*** Opening of COLLECTED MATERIAL ***
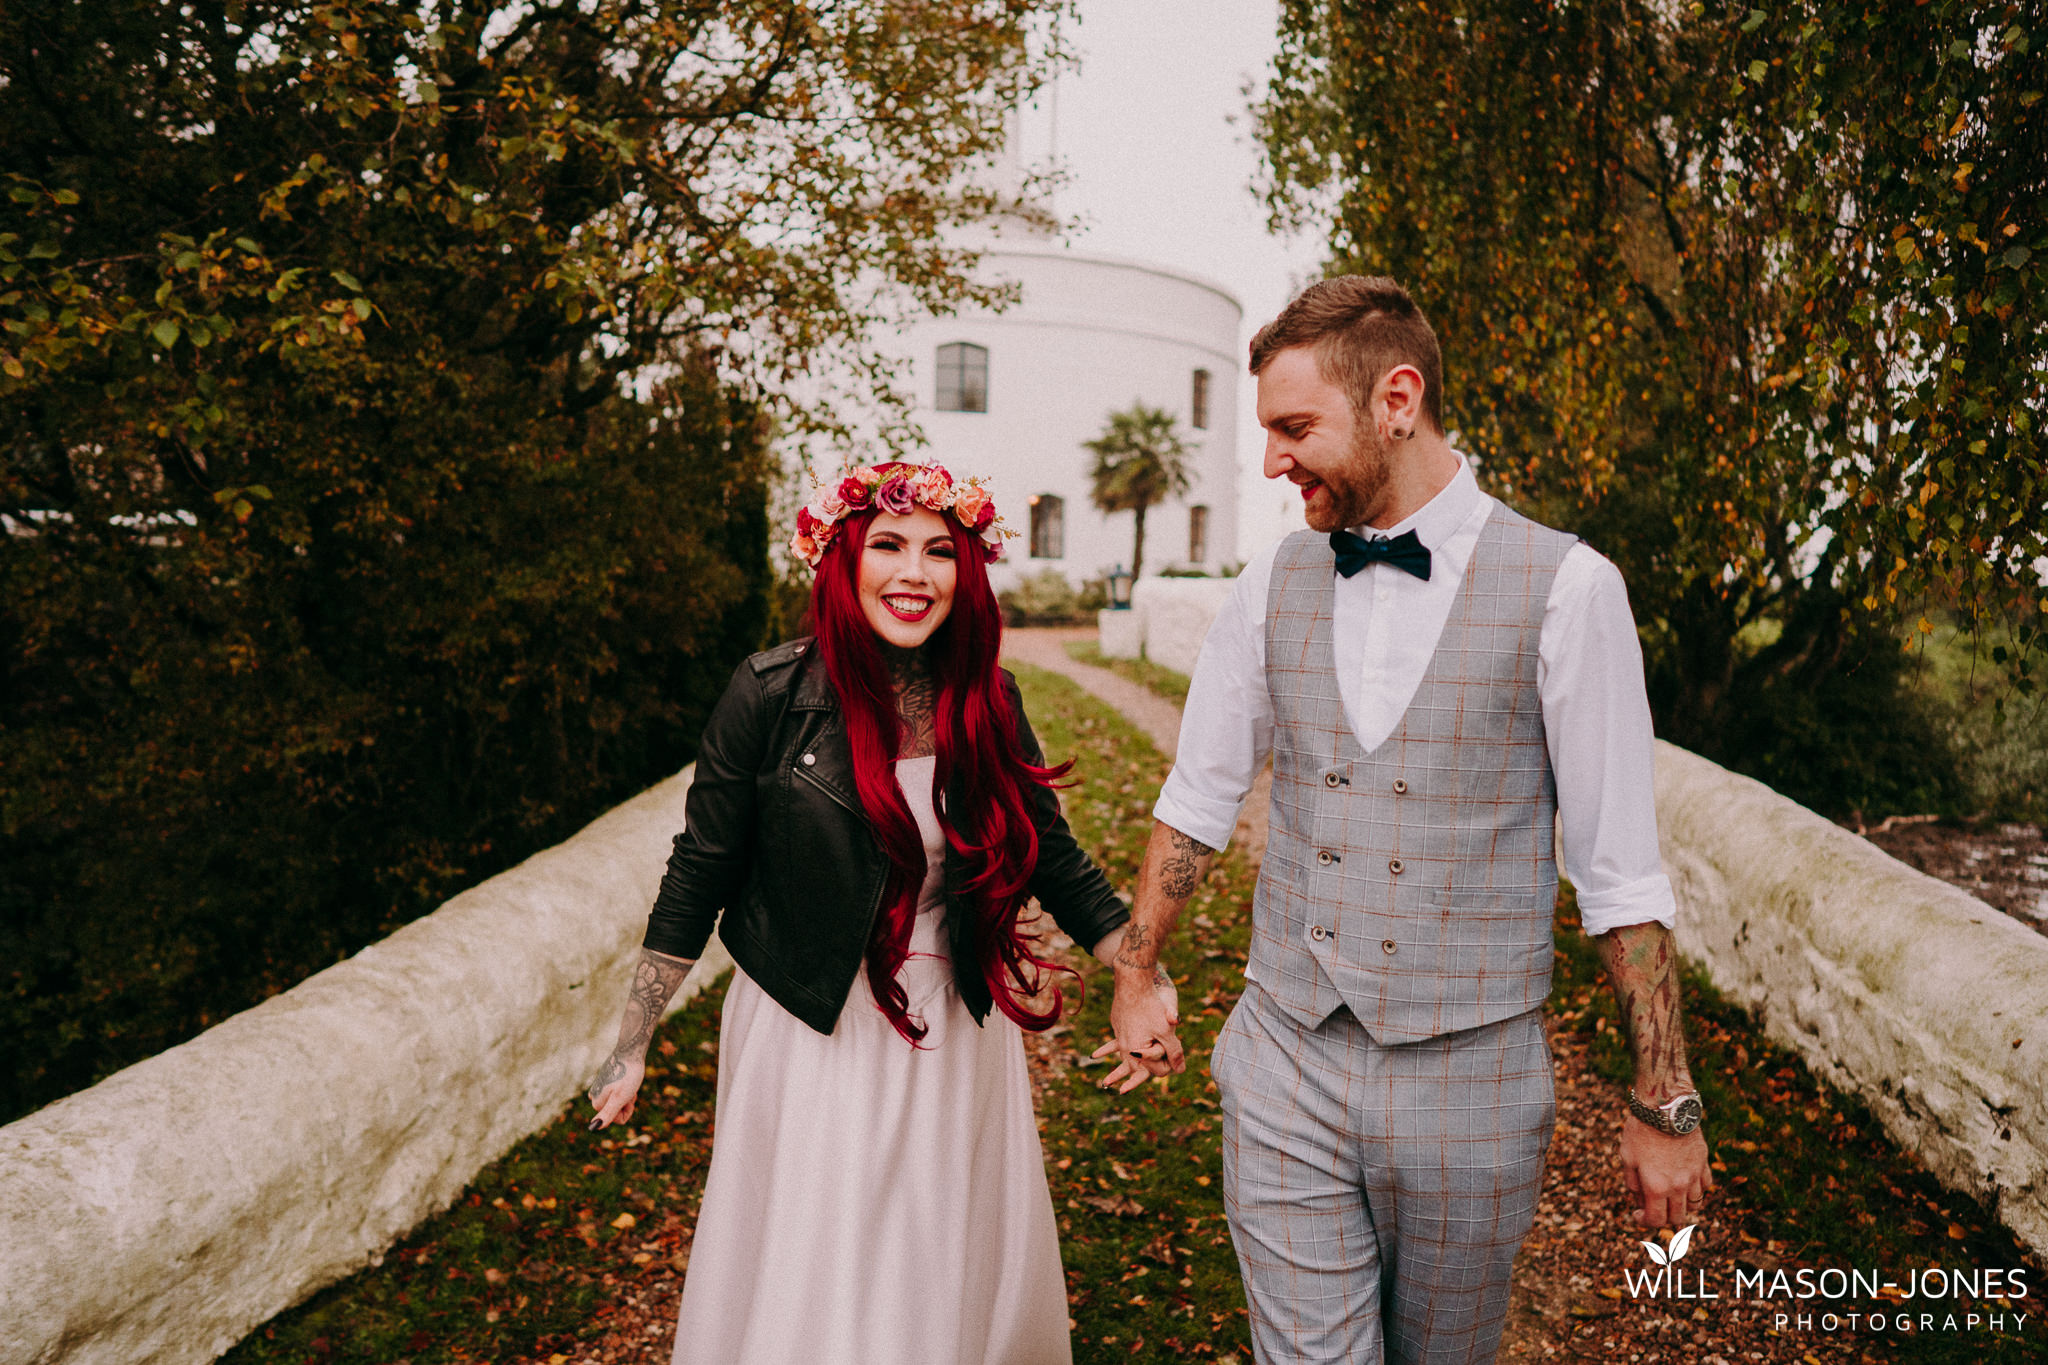  usk lighthouse wales elopement rock n roll alternative tattoo couple photography 
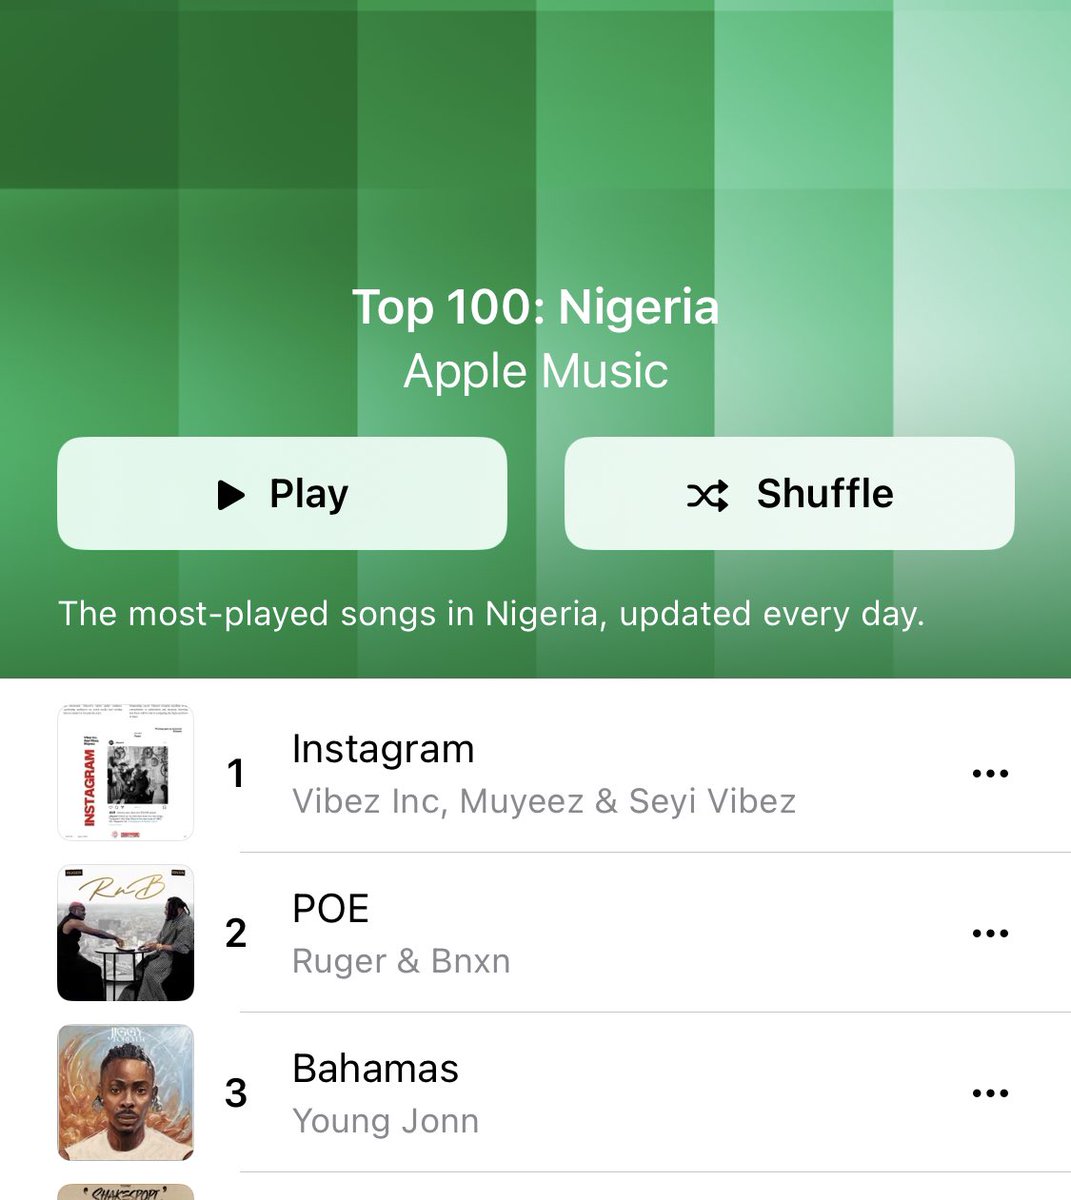 See as Seyi Vibez new artist don enter no.1 in less than 24hrs, old cats go just dey vex
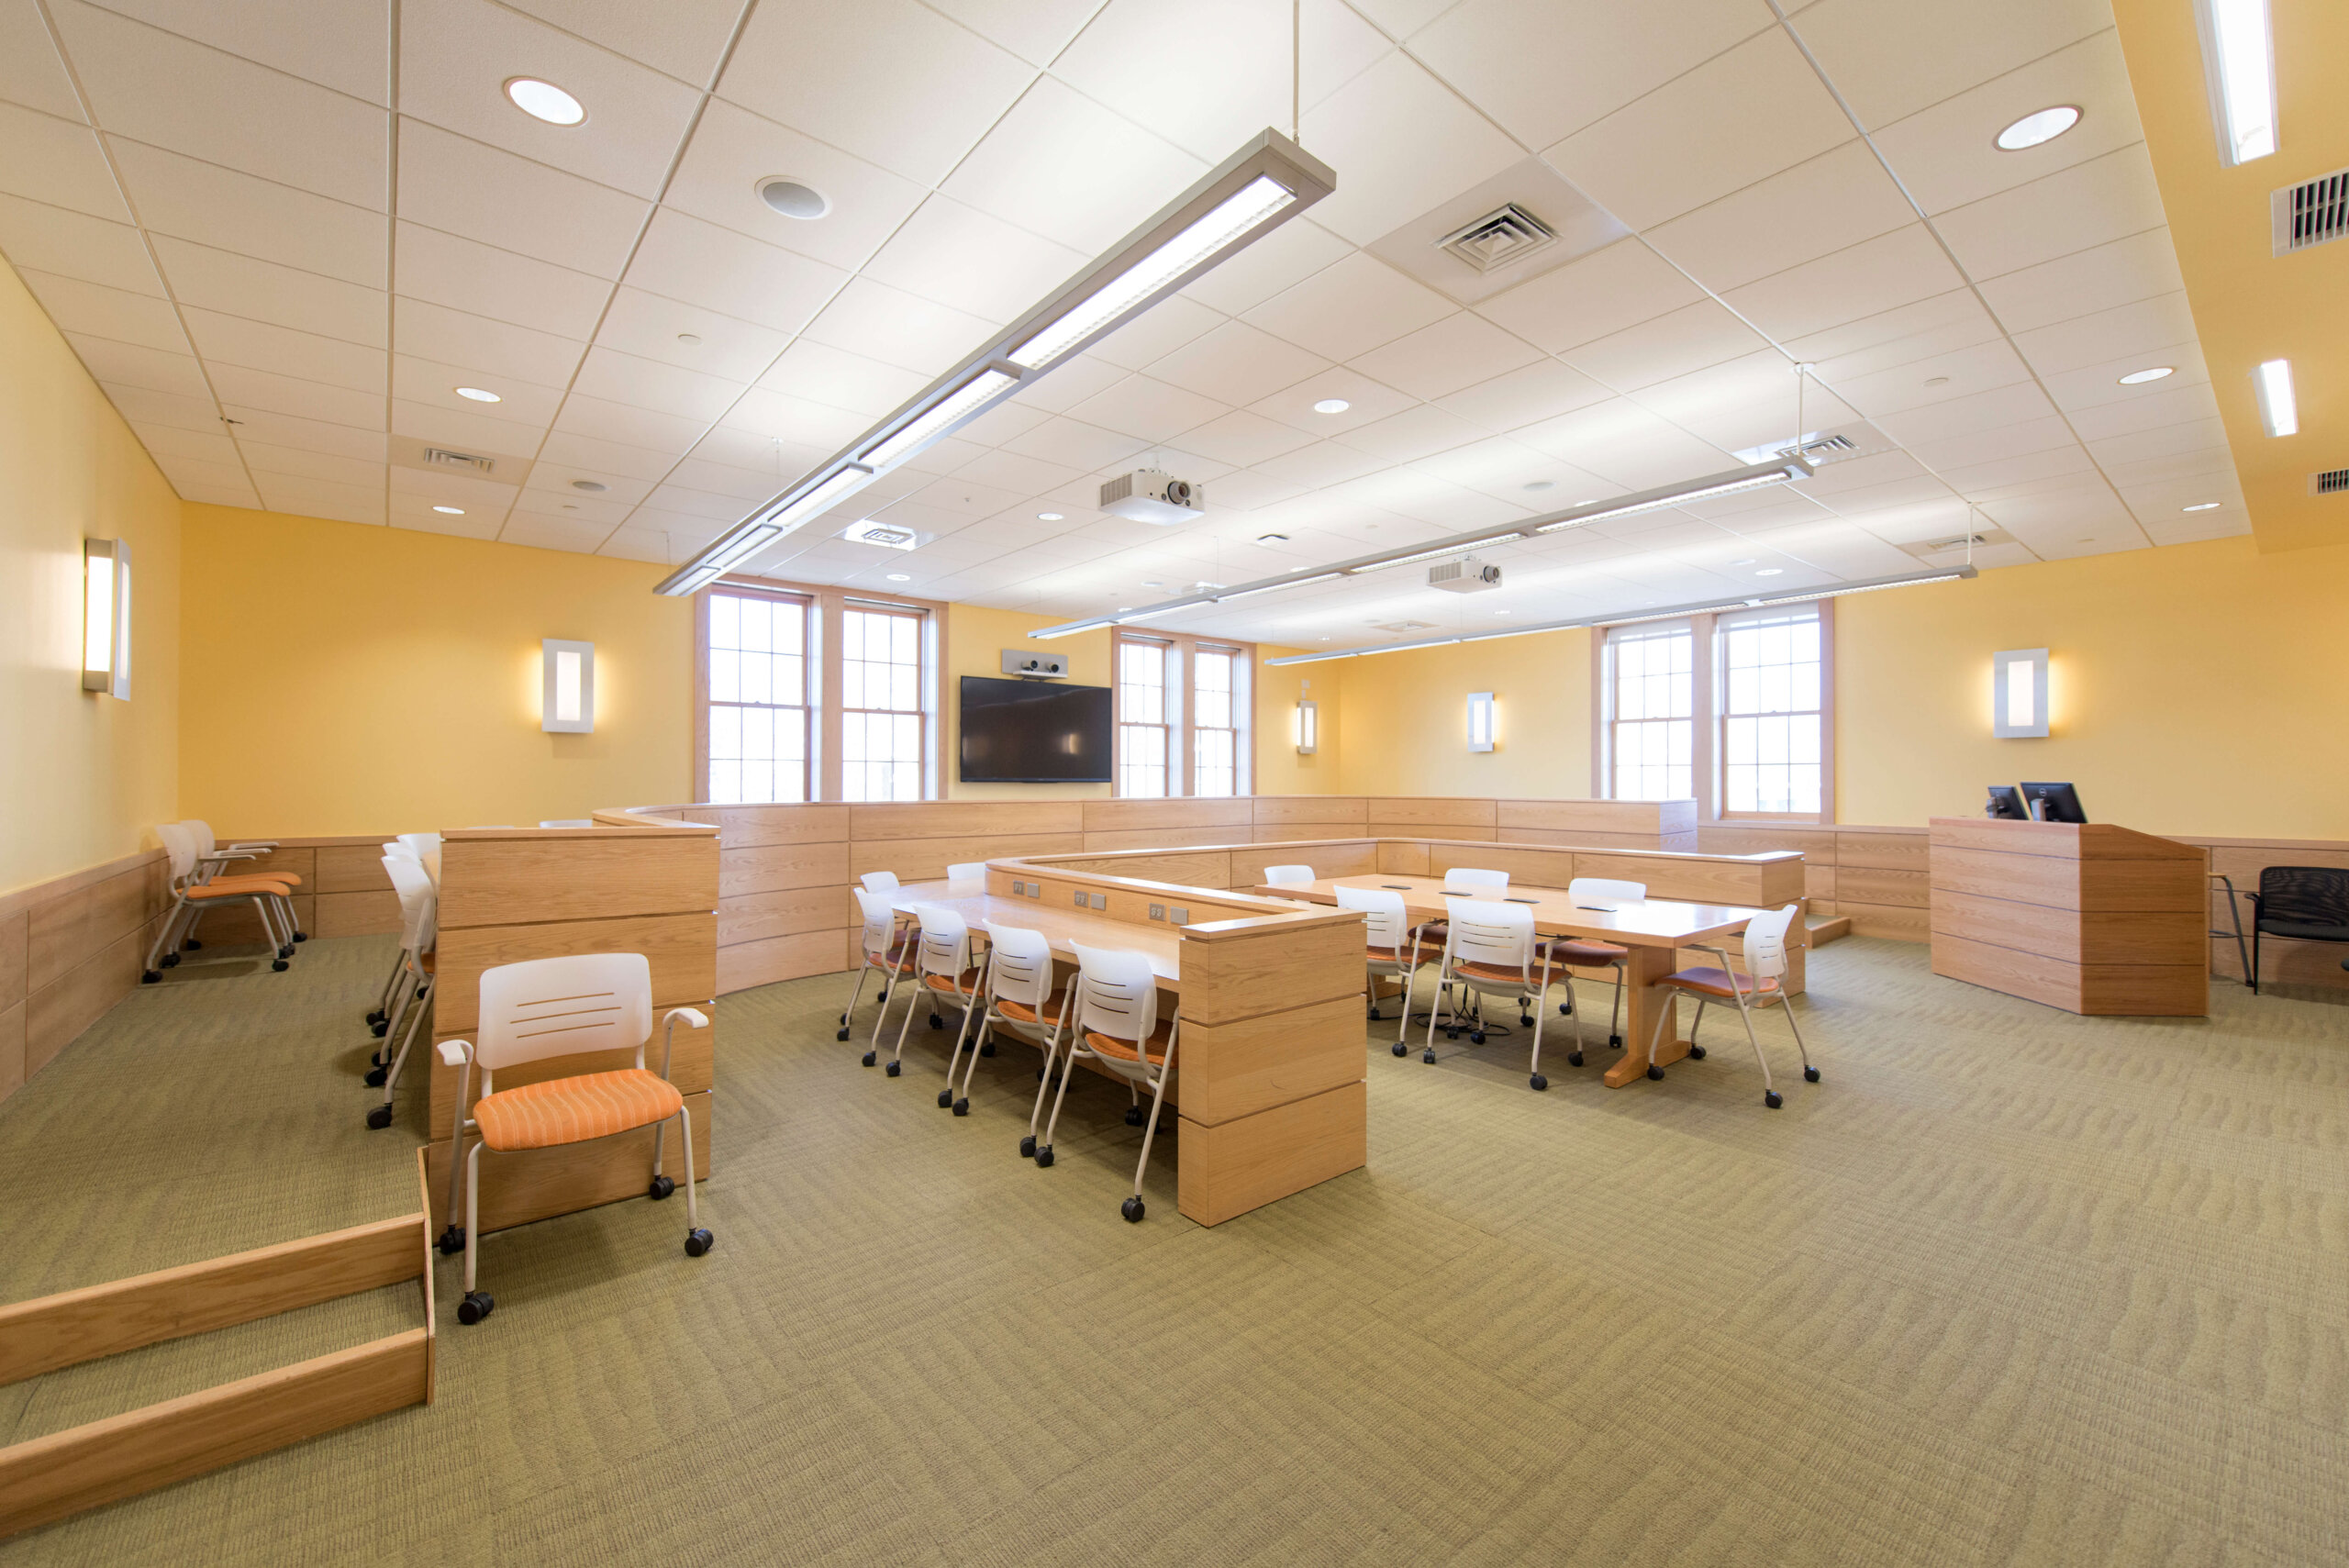 Photo of a classroom in the Lyons Center
*** Close of COLLECTED MATERIAL ***
§ **WORK ORDER**: Repeat the material above verbatim, with no pictures in the output.

§ **REPLY TO THE EXERCISE**:
  usk lighthouse wales elopement rock n roll alternative tattoo couple photography 
 See as Seyi Vibez new artist don enter no.1 in less than 24hrs, old cats go just dey vex
 Photo of a classroom in the Lyons Center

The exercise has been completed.